Todas essas práticas, como por exemplo, as prostrações diante das deidades, surtem efeitos. Vamos supor que nós entremos em uma igreja cristã e, no altar, nós nos prostremos completamente diante de Jesus Cristo ou da Virgem Maria. É certo que a partir disso alguma coisa vai acontecer. Esse é o princípio pelo qual são criadas as deidades e nós começamos a praticar. Uma forma completamente adequada para iniciar a prática seria a visualização do campo de méritos. Para isso nós dizemos:

“Neste momento, eu estou diante do Buda, de Guru Rinpoche e de todos os mestres que vieram antes deles até o Buda Primordial. Eu estou diante de todos os mestres das linhagens antigas, diante de todos os Bodisatvas, de todos os seres de sabedoria que, vida após vida, têm se dedicado a trazer benefício aos seres. Eu estou diante dos Arhats, os seres que atingiram a perfeição da ação não violenta, da não agressão no mundo, os seres que purificaram todas as suas ações negativas. Eu compreendo que todas essas deidades surgem como expressão da Natureza Ilimitada que busca socorrer todos os seres. Neste momento, em contato visual com esse campo de méritos, eu me prostro completamente diante de todos e de cada um, reconhecendo a minha limitação, reconhecendo que ao longo de muitas vidas eu tenho praticado de forma intuitiva e aleatória sem atingir resultados efetivos. Portanto, eu me refugio no campo das deidades, tomo refúgio direto nos seres de sabedoria, e assim eu sigo de agora em diante. E não só eu estou perdido, mas todas as pessoas que eu amo, amigos e inimigos. Todos nós estamos perdidos. Assim sendo, todos esses seres se prostram junto comigo diante dos seres de sabedoria e compaixão.”

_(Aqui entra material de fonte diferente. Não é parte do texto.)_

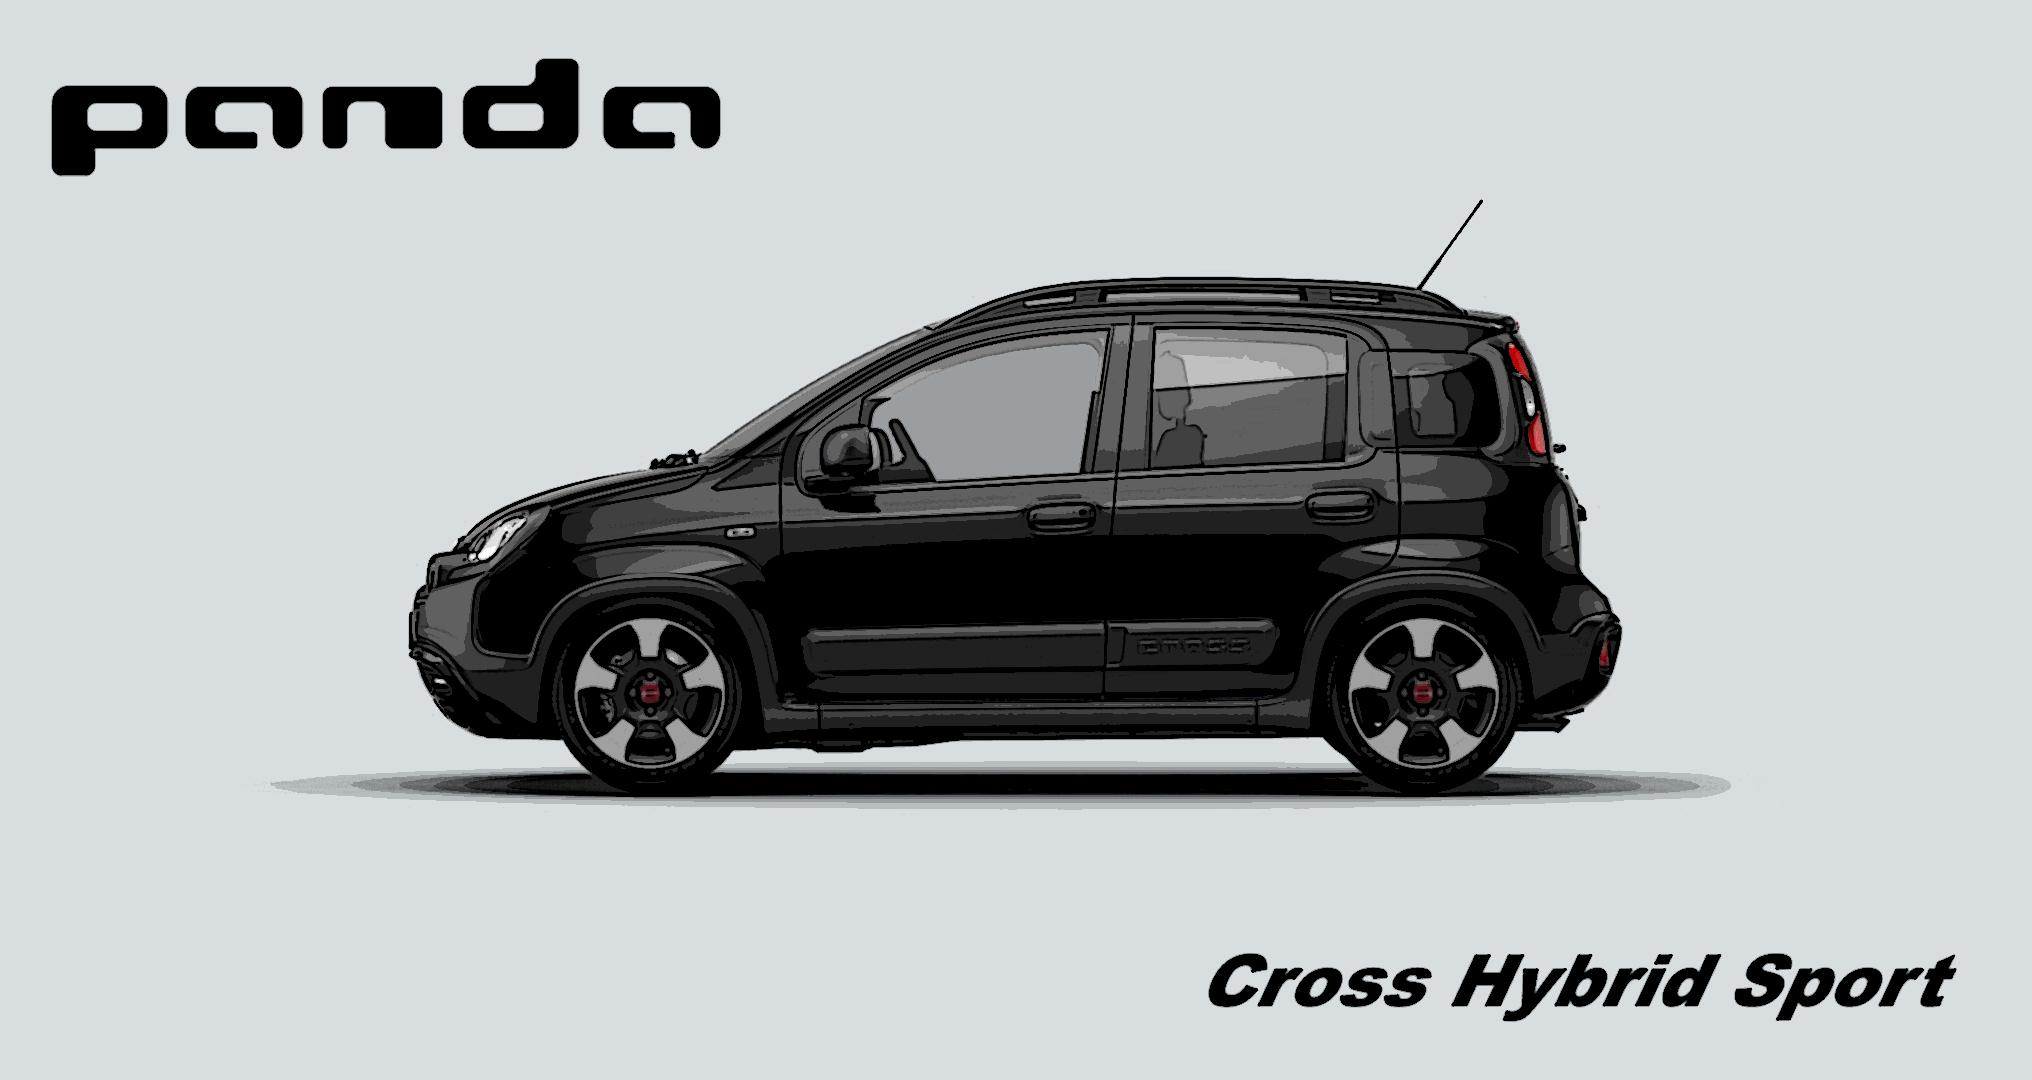 Click image for larger version  Name:FIAT Panda Cross Hybrid Sport.jpeg Views:39 Size:305.0 KB ID:209254

O que estamos fazendo enquanto visualizamos o campo de méritos e diante dele nos prostramos? Nós estamos usando a luminosidade da mente, porque afinal, estamos criando uma imagem. A luminosidade da mente é a própria vacuidade. Se as coisas fossem sólidas, isso não seria possível. Mas porque elas não são sólidas e o seu teor é a vacuidade, então nós podemos fazer a visualização e usufruir o seu efeito. Nós criamos e ficamos sob o efeito positivo da nossa criação. No caminho Vajrayana, ao fazermos a visualização do campo de méritos e as prostrações, nós construímos um mundo. E assim, em corpo, energia e mente, nós iremos construir a experiência da paisagem onde incessantemente nós estamos juntos de todos os seres e diante dos Budas. Essa é a paisagem onde nós vamos passar a viver. Pelo poder da liberdade e da vacuidade, nós construímos um mundo e passamos a habitá-lo, ficando sob o seu efeito. Isso irá potencializar o caminho. Na medida em que nós construímos uma paisagem, naturalmente nós terminamos agindo de acordo com ela. Da paisagem surge uma inteligência específica e, dessa forma, todas as nossas emoções, impulsos e prioridades vão se ajustar sem esforço, naturalmente, à paisagem.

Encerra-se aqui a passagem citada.